BUY Cloth · 784 pp. · 6.13 × 9.25 · ISBN 9780813927596 · $95.00 · Nov 2008

During the last four months of 1793, the period documented by volume 14 of the Presidential Series, George Washington and his administration remained chiefly involved with maintaining the neutrality of the United States. The activities of French privateers in American waters required the administration to respond to requests from state governors for guidance about implementing the neutrality policy and to complaints from British minister George Hammond about seizures of British ships. As a result, the administration had to decide on the extent of America’s territorial waters. Another threat to neutrality arose from reports of French-sponsored expeditions into Spanish Florida and Louisiana.
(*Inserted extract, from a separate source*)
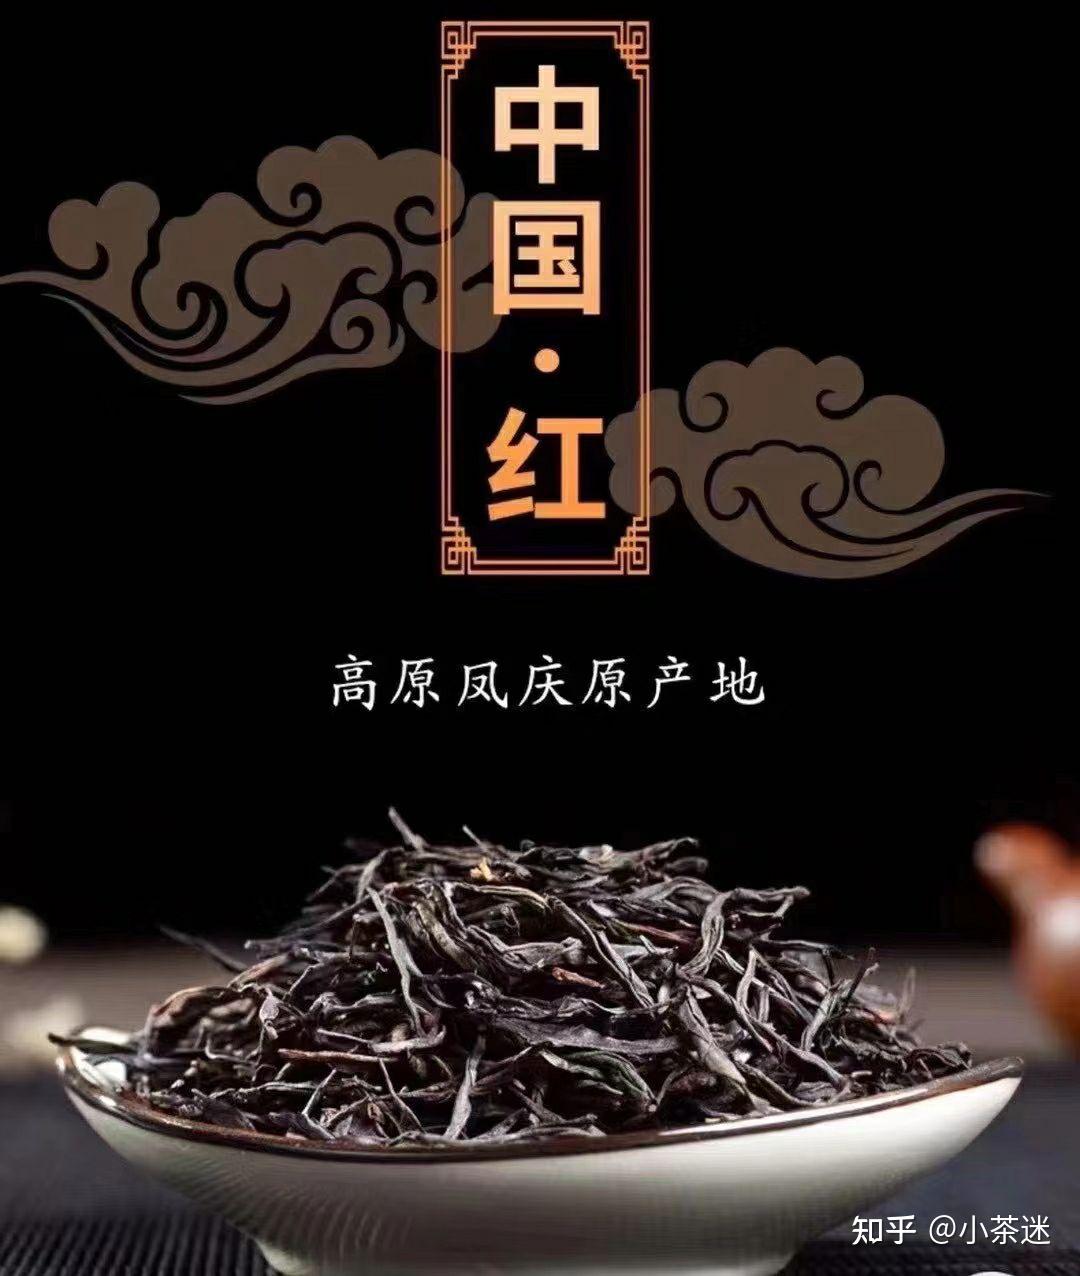 中国红是凤庆一种特殊红茶的美称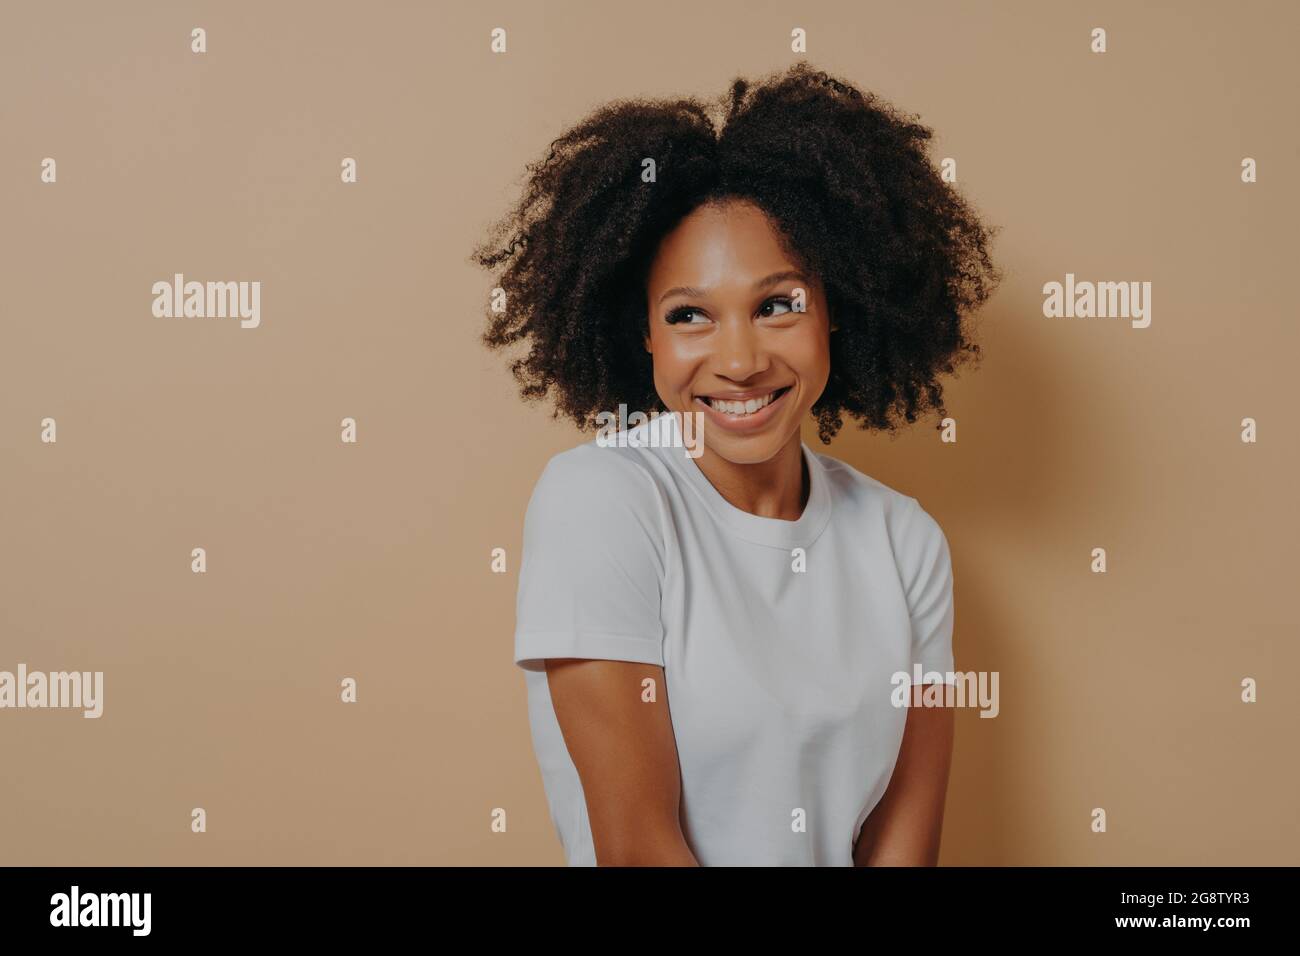 Niedliche afrikanische Frau mit toothy Lächeln Blick beiseite mit Schüchternheit, isoliert auf beigefarbenem Hintergrund Stockfoto

These problems were made more difficult by the administration’s increasingly public poor relations with French minister Edmond Genet.

Other topics of interest include frontier defense and concerns about British retention of northwestern forts; news from Europe, including reports that a truce with Portugal would free corsairs from Algiers to attack American commerce; problems associated with the arrival of refugees from Saint Domingue; and the ubiquitous applications for appointments to federal office. The volume also records the preparation of Washington’s annual message—an extended process that involved input from each member of the cabinet.

The signature event of these four months, however, was the yellow fever epidemic at Philadelphia. Identified in August, the growing epidemic soon depopulated the city through departures and deaths. Perhaps speeded by the progress of the disease, Washington himself left the city on September 10, making a previously planned trip to Mount Vernon. Some questioned whether Congress could safely meet at the capital in December, and Washington sought advice about whether he had the constitutional power to alter the location at which Congress would convene and about where the government might move. Washington himself took lodgings at Germantown in November, and ultimately, the waning of the disease made action unnecessary.

Among personal matters, the management of Mount Vernon claimed much of Washington’s attention. He signed a contract with a new farm manager, William Pearce, and his letters to Pearce and to interim manager Howell Lewis convey information and advice. Moreover, in a letter to the English agriculturalist Arthur Young, he broached a proposal to rent out four of the five farms at Mount Vernon to immigrant farmers, describing his estate in considerable detail.